Earlier this month, RADII told you how some young people in China are commemorating the deceased online. Specifically, some Chinese youth are paying their respects to their dearly departed at a digital graveyard on the IMDb-like platform Douban.

The Chinese government has been encouraging online memorials over the traditional ritual of burning joss paper or ghost money (believed to be transferred to one’s loved ones in the afterlife). Not only is the latter detrimental to the environment, but it is also a fire hazard: many cemeteries were built near forests and mountains.

As such, more than one online platform designed for digital memorials has sprung up over the past few years.

However, the well-intentioned digital space also has its dark side, as Lulu from Xiamen, a port city on China’s southeastern coast, can tell you.
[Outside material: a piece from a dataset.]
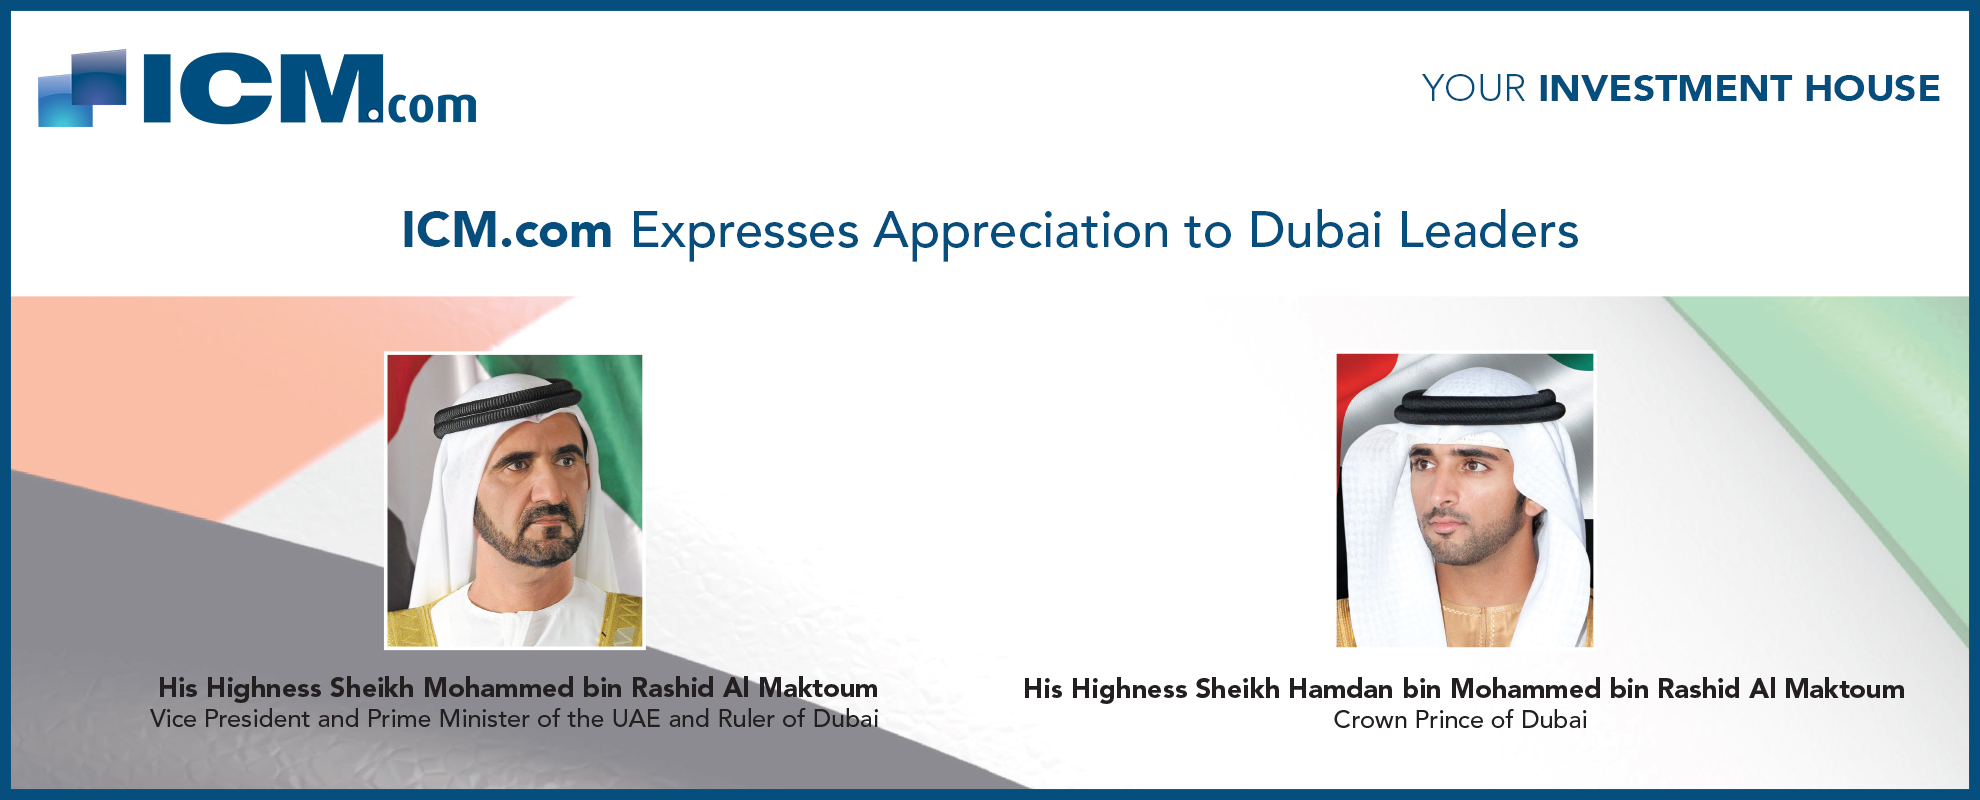 Banner with photos of PM & price of Dubai with text Express Appriciation To Dubai Leaders
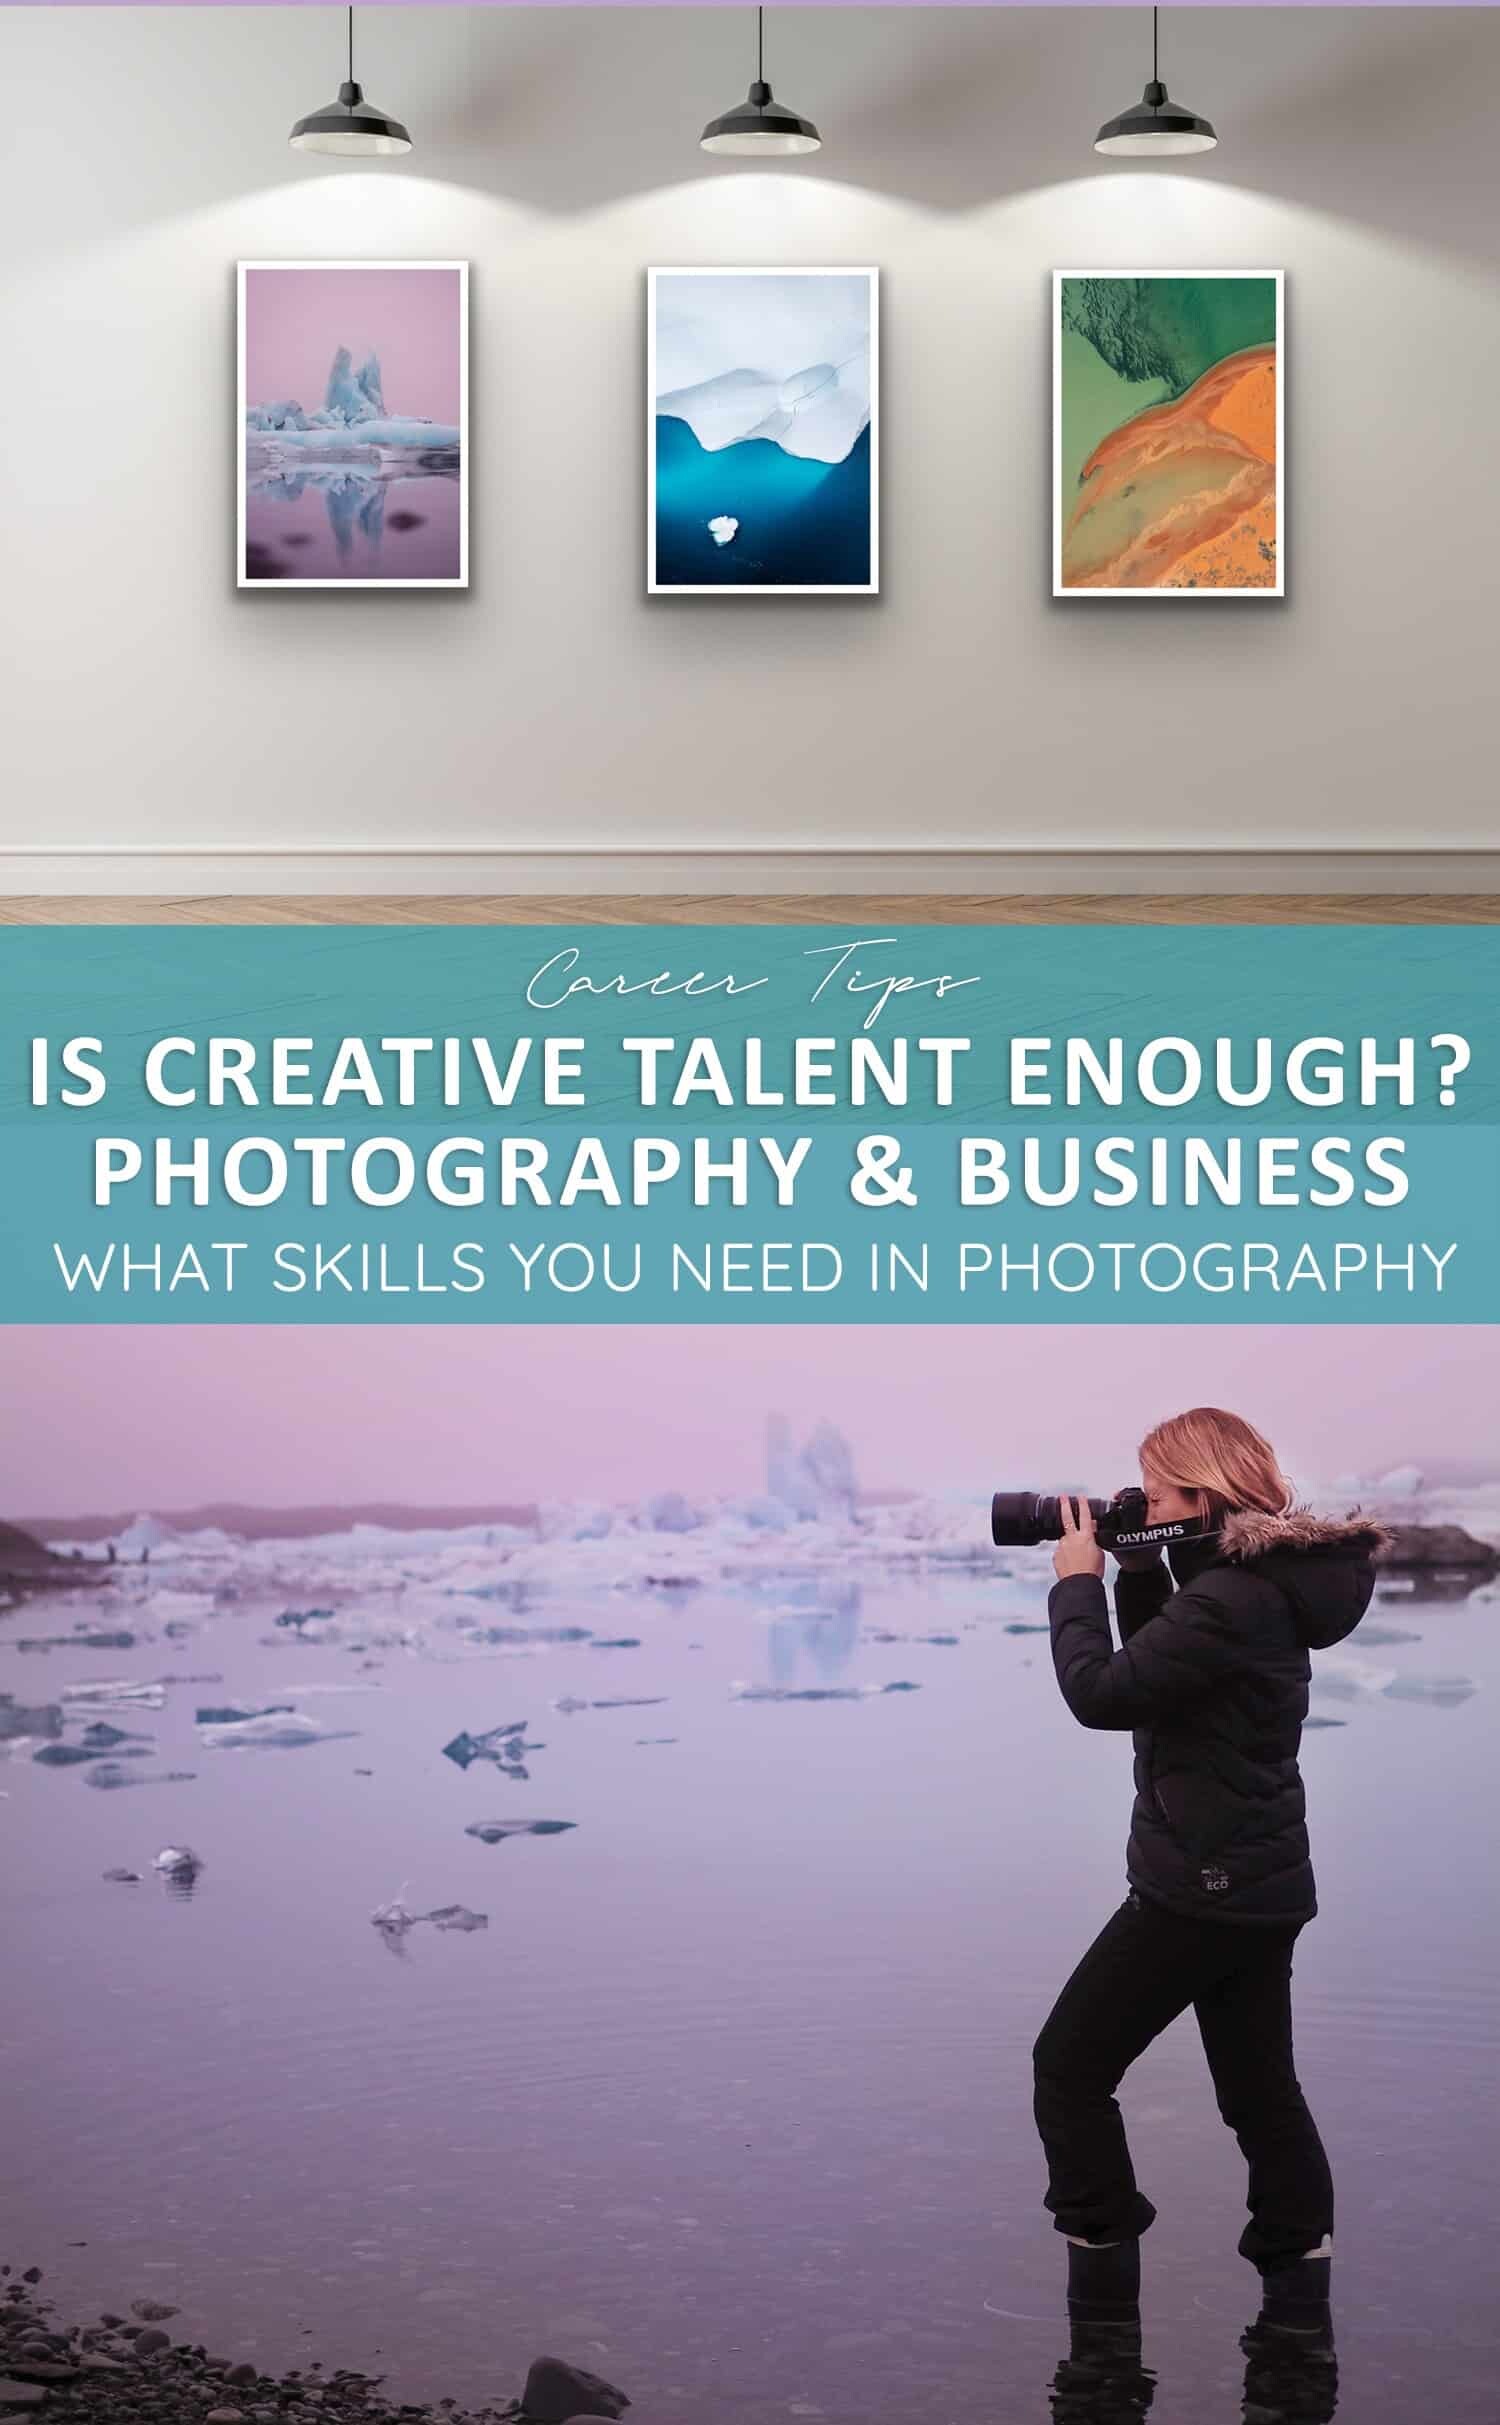 The Business of Photography - What skills you need to be a photographer

Imagine the shock she felt when she recently stumbled upon her own online obituary.

Apparently, in 2016, someone created a digital mourning hall for her, complete with her name, date of birth, hometown, and 10 personal photos from the internet. According to the post, she had disappeared shortly after leaving campus one night in January 2010, and her barely recognizable body was discovered in the sea several days later.

Lulu understandably found the post extremely disturbing and was infuriated when she realized that it had been viewed around 43,000 times since it was created.

She immediately contacted the platform to have it removed and to discover the identity of the person behind the mean prank. However, the platform could not provide a name, as users weren’t required to register with their real identities back in 2016.

Lulu then sued the platform for infringing on her rights and reputation. According to the Shanghai Morning Post, a Chinese daily newspaper, the judge in the case sided with her. However, little else has been disclosed.

The case recently went viral on the Chinese internet, with a related hashtag garnering more than 320 million views on Weibo, China’s top microblogging site.